The Milk of Human Kindness


Shavuoth is a mysterious Jewish festival.  Being neither an exact anniversary nor conforming to the harvest cycle in the land of Israel, it seems to exist outside of time, an exception  to the chronological flow of the Jewish seasons.  Just as puzzling is the custom of eating dairy products on the festival.  Ascribed by many to the inhibitions of the Jewish people at Mt.
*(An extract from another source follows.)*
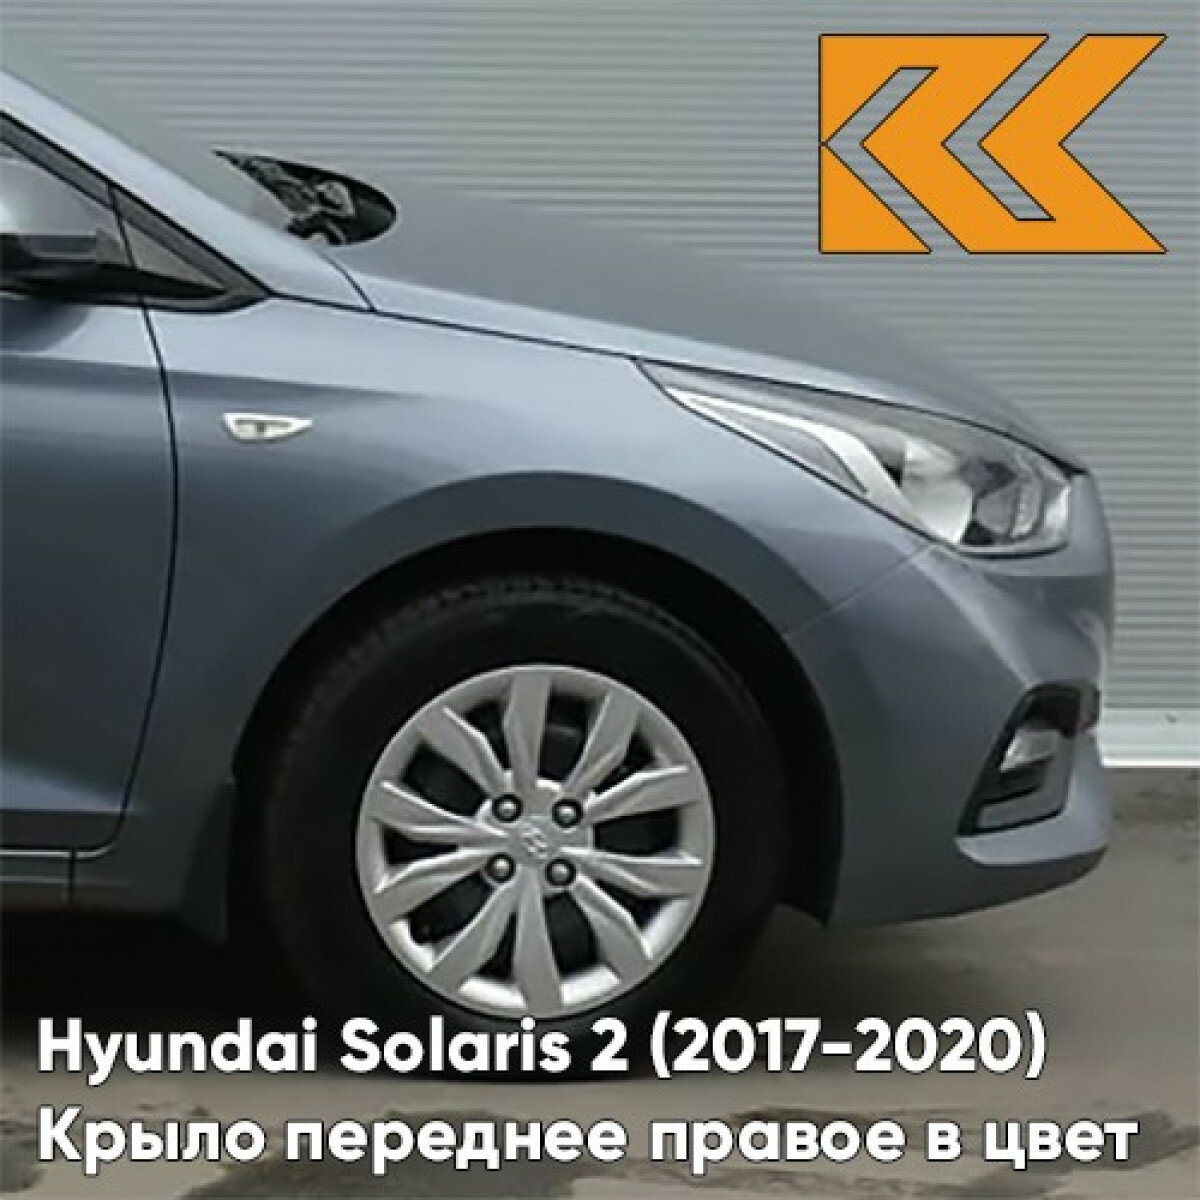 Крыло переднее правое в цвет Hyundai Solaris 2 Хендай Солярис U4G - URBAN GRAY - Серый

Sinai, over the laws of kashruth, there are myriad reasons explaining the consumption of dairy products on this Festival, although none are entirely convincing.

Perhaps each of us  needs to build our own understanding.  For the Davis family in Melbourne, Australia, dairy products were an inseparable part of life – they were the family business.  Not only was I born on the family’s dairy farm on the outskirts of town, but my grandfather David, who had purchased the farm twenty years earlier,developed it into a thriving milt delivery business.

Succeeding him, my father dramatically expanded this business by adding yogurt.   Keren Dairies, taken from the Hebrew words for ” ray of light” became a symbol of pride for the small Jewish community of Melbourne.   It proved that Jewish immigrants, raised inthe cloistered villages of Eastern Europe, could defy prejudice and ridicule and by rising to an Australian challenge,  become successful men of the land in their own right.

My grandfather was a quiet, circumspect man who rarely spoke of his past.   But occasionally he would share a story that gave me a glimpse into his early struggles.

One of those stories I have never forgotten.

In the early 1930s he would rise before dawn to deliver milk in a horse drawn dray to customers in the inner suburbs.  He would rattle his canister filled cart from door to door, ladeling milk into pails and bottles.

On this daily journey he would often come across an obstreperous man who would grandfather while  lie in wait for him.  The man would regularly hurl a stone or shoe at my grandfather while jeering at him with antisemitic slurs.  He would sometimes go so far to place heavy objects on the road to prevent his passage.

The abuse continued intermittently four years. But one day it stopped and the man disappeared. My grandfather asked some of the man’s neighbors what had happened to him.  They explained that he had suffered a stroke and could no longer leave the house. Inquiring further he discovered that his tormentor was close to destitution and had no relatives.  From that day forward my grandfather would leave him milk everyday. He did not cease the practices until the man died.

I was astonished when I first heard this story.   When I asked my grandfather why he did this, he answered simply, ” He was probably thirsty and I was carrying milk,.”

I remembered my grandfather’s actions a few years ago when I saw a photograph posted in a edition of the Ma’ariv newspaper . It showed an IDF soldier providing water to one of five handcuffed terrorists, captured on their way to executing a bombing in Israel.  Among the five members of the terrorist squad, two were carrying explosive belts.  A further 17 kilograms of TNT was found inthe trunk of their car.

Similar reports reveal the way in which the IDF provided food for the trapped terrorists and their hostages inside the besieged Church of the Nativity in 2002.  There are remarkable accounts of Israeli medics treating surviving terrorists, rushing them, often inthe same ambulances as their victims, to Israeli medical facilities in order to save their lives.

Many decades and thousands of miles separate my grandfather and the IDF soldiers.  Yet they are bound by the enduring legacy of Jewish tradition and the respect for the sanctity of life.  It is taught to us in the Book of Exodus   “when your enemy’s donkey falls down, you must help to raise him up.”

The promise of holiness, delivered to the Jewish people at the time of the giving of the Torah on the festival of Shavuoth, is embedded int his simple teaching. It defines our concept of humanity.

It is one of the supreme ironies of my life that my grandfather died on the first day of Shavuoth.  It was also fitting that his great grandson, born 27 years later, would be named Matan David, the gift of David, linking the boy to his forbear and to the climatic event of Jewish history – the giving of the Torah.

Perhaps the most enduring legacy he can absorb is that even in the face of adversity, the milk of human kindness must still be delivered.